Our guest today is Peter, who works on desktop UI and Core UI. He's also
working on improving Chrome's crash reports, which includes DCHECKs. Today
he'll help us answer, what's up with DCHECKs? Welcome, Peter.

00:30 PETER: Thanks for having me.

00:32 SHARON: Yeah. Thanks for being here. So the most obvious question to
start with, what is a DCHECK?

00:39 PETER: So a CHECK and a DCHECK are both sort of things that make sure
that what you think is true is true. Right? So this should never be called with
an empty vector. You might add a CHECK for it, or you might add a DCHECK for
it. And it's sort of similar to asserts, which you may have hit during earlier
programming outside of Chrome. And what it means is when this line gets hit, we
check and see if it's true. And if it's not true, we crash. DCHECKs differ from
CHECKs in that they are traditionally only in debug builds, or local
development builds, or on our try-bots. So they have zero overhead when Chrome
hits stable, because the CHECK just won't be there.

01:24 SHARON: OK. So I guess the D stands for Debug. That make sense.

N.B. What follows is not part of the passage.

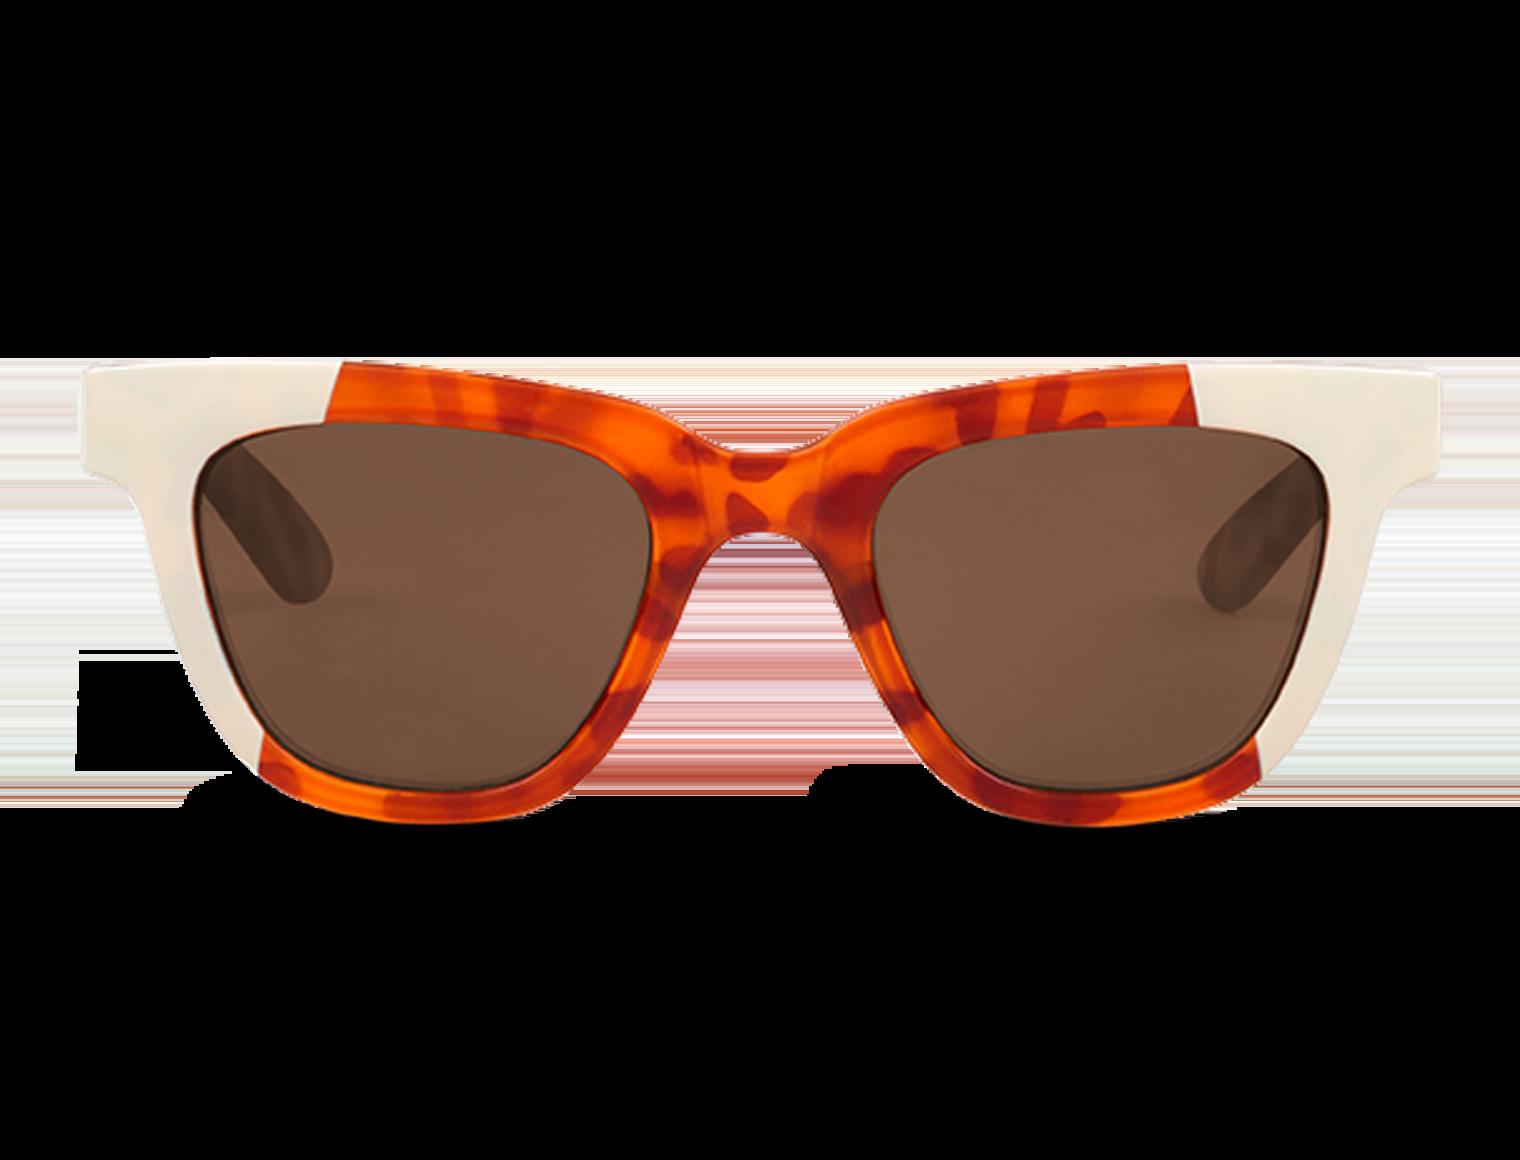 LETRAS | CREAM/LEO TORTOISE with classical lenses

01:28 PETER: Yeah. I want debug to turn into developer, because now we have
them by default if you're no longer - if you're doing a release build, and
you're not turning them off, and you're not doing an official build, you get
them.

01:42 SHARON: OK. Well, you heard it here first, or maybe you heard it before.
I heard it here first. So you mentioned asserts. So something that I've seen a
couple times in Chrome, and also is part of the standard library, is
`static_assert`. So how is that similar or different to DCHECKs? And why do we
use or not use them?

02:00 PETER: Right. So `static_assert`s are - and you're going to have to ask
C++ experts, who can probably take some of the sharp edges off of this - but
it's basically, if you can assert something in compile time, then you can use a
`static_assert`, which means that you don't have to hit a code path where it's
wrong. It sort of has to always hold true. And whenever you can use a
`static_assert`, use a `static_assert`, because it's free. And basically, you
can't compile the program if it's not true.

02:31 SHARON: OK. That's good to know, because I definitely thought that was
one of the C++ standard library things we should avoid, because we have a
similar thing in Chromium. But I guess that's not the case.

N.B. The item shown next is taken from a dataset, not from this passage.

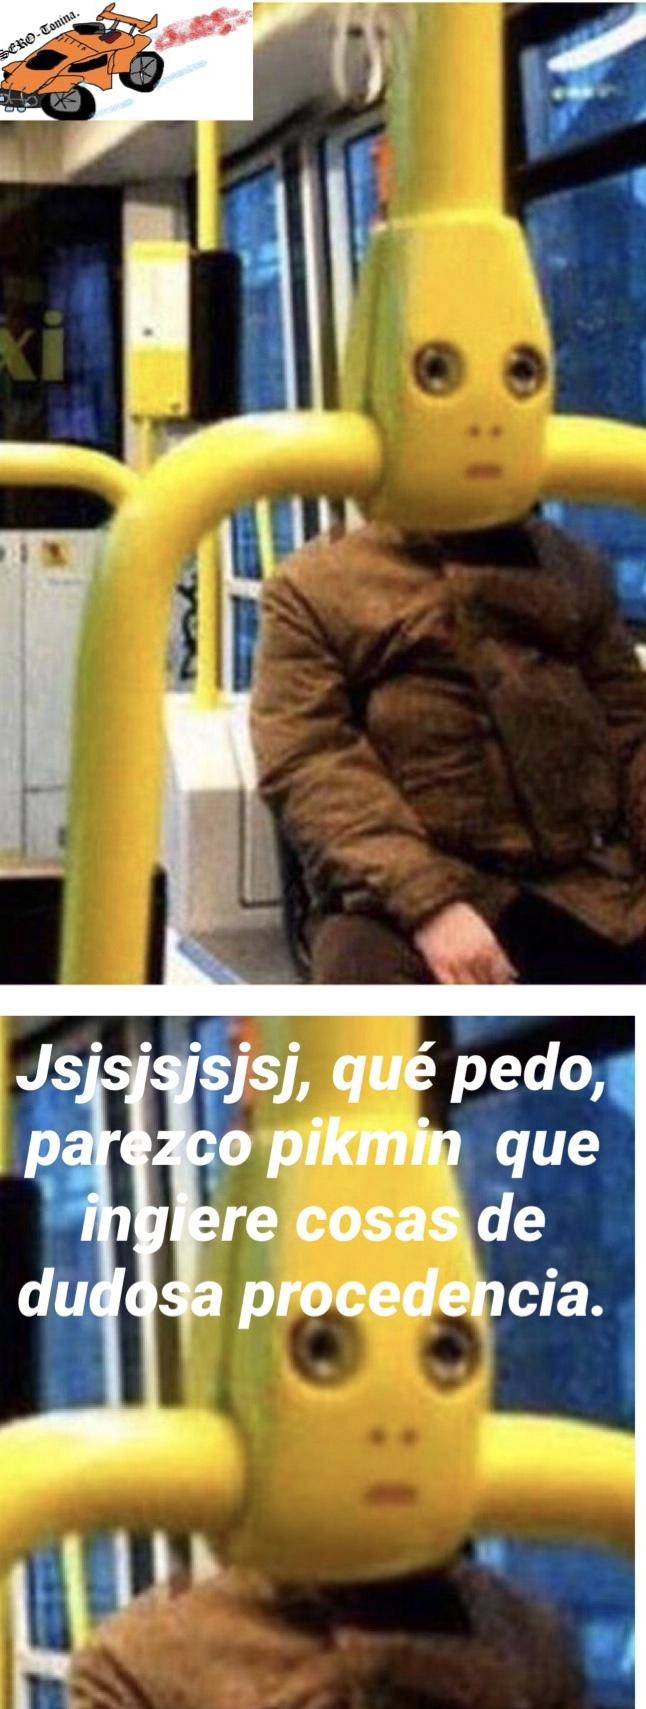 Re loco. - meme

02:41 PETER: Yeah. Assert is the one that is - OK, so this is a little
complicated, right? `static_assert` is a language feature, not a library
feature. And someone will tell me that I'm wrong about something about this.
Asserts are just sort of a poorer version of DCHECKs. So they won't go through
our crash handling. It won't print the pretty stacks, et cetera.
`static_assert`s, on the other hand, are a compile time feature. And we don't,
as far as I know, have our own wrapper around it. We just use `static_assert`.
So what you would maybe use this for is like if you have a constant - like, say
you have an array, and the code makes an assumption that some constant is the
size of this array, you can assert that in compile time, and that would be a
good use of a `static_assert`.

03:26 SHARON: OK. Cool. So you mentioned that some things have changed with how
DCHECKs work. So can you give us a brief overview of the history of DCHECKs -
what they used to be, people who have been using them for a while, how might
they have changed from the idea of what they have as a DCHECK in their mind?

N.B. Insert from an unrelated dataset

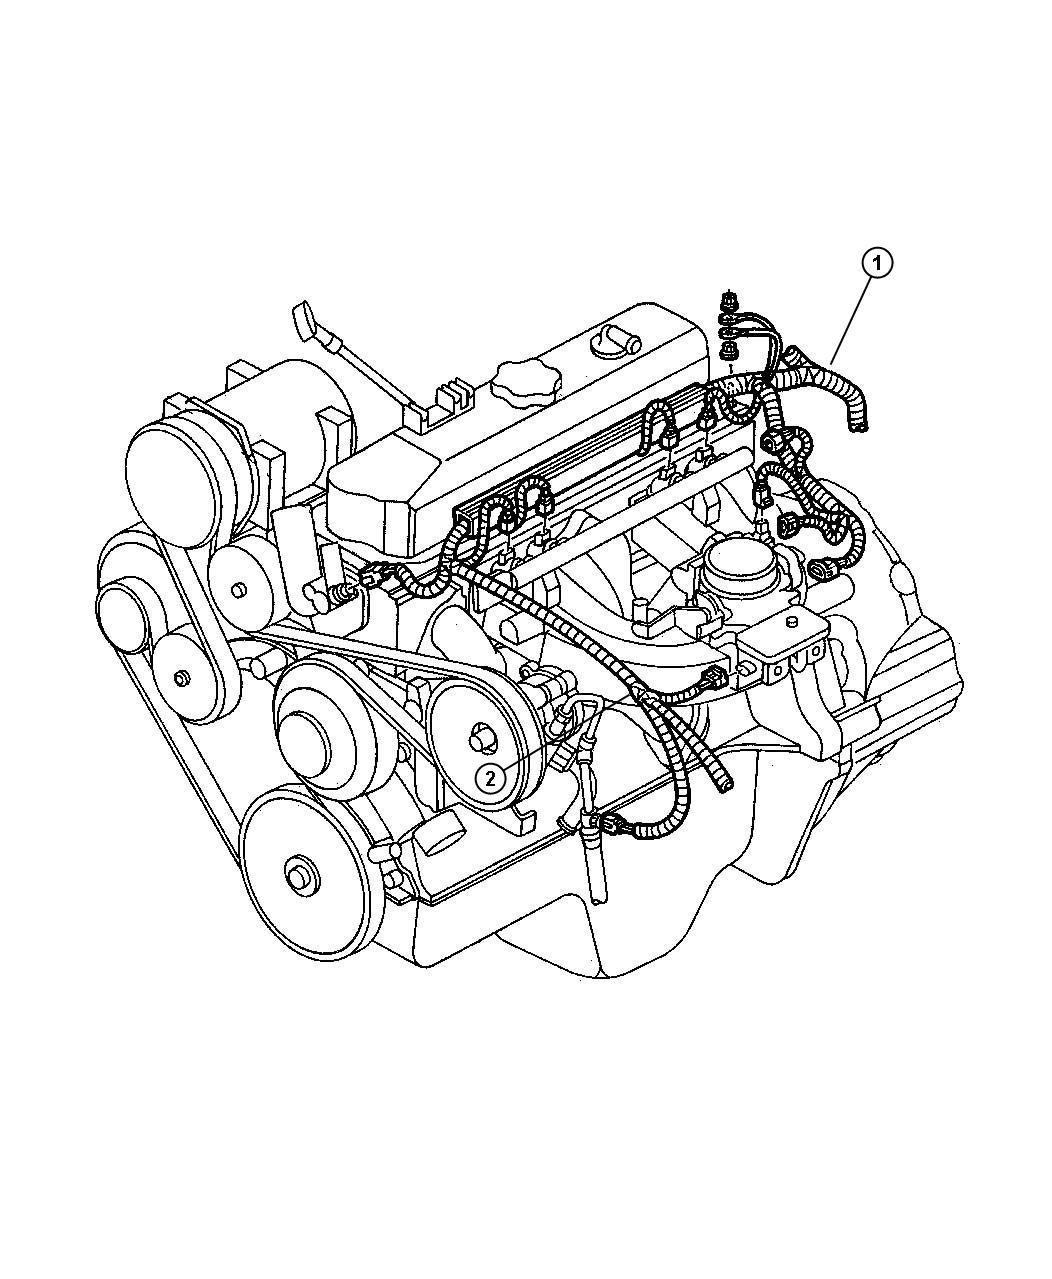 Dodge Dakota Wiring  Engine  Califonia Includes Negative

03:43 PETER: Sure. So this is as best I know. I'm just sort of extrapolating
from what I've seen. And what I think originally was true is that a CHECK used
to be this logging statement, where you essentially compile the file name and
the line number. And if this ever hits, then we'll log some stuff and then
crash. Right? Which comes with a little bit of overhead, especially on size,
that you basically take the file name and line number for every instance, and
that generates a bunch of strings and numbers that essentially add to Chrome's
binary size. I don't know how many steps between that and where we currently
are. But right now, our CHECKs are just, if condition is false, crash, which
means that you won't, out of the CHECK, get file name and line number. We'll
get those out of debugging symbols. And you also won't get any of the logging
messages that you can add to the end of a CHECK, which means that your debug
info will be poorer, but it will be cheaper to use. So they've gotten from
being pretty heavy CHECKs to being really cheap.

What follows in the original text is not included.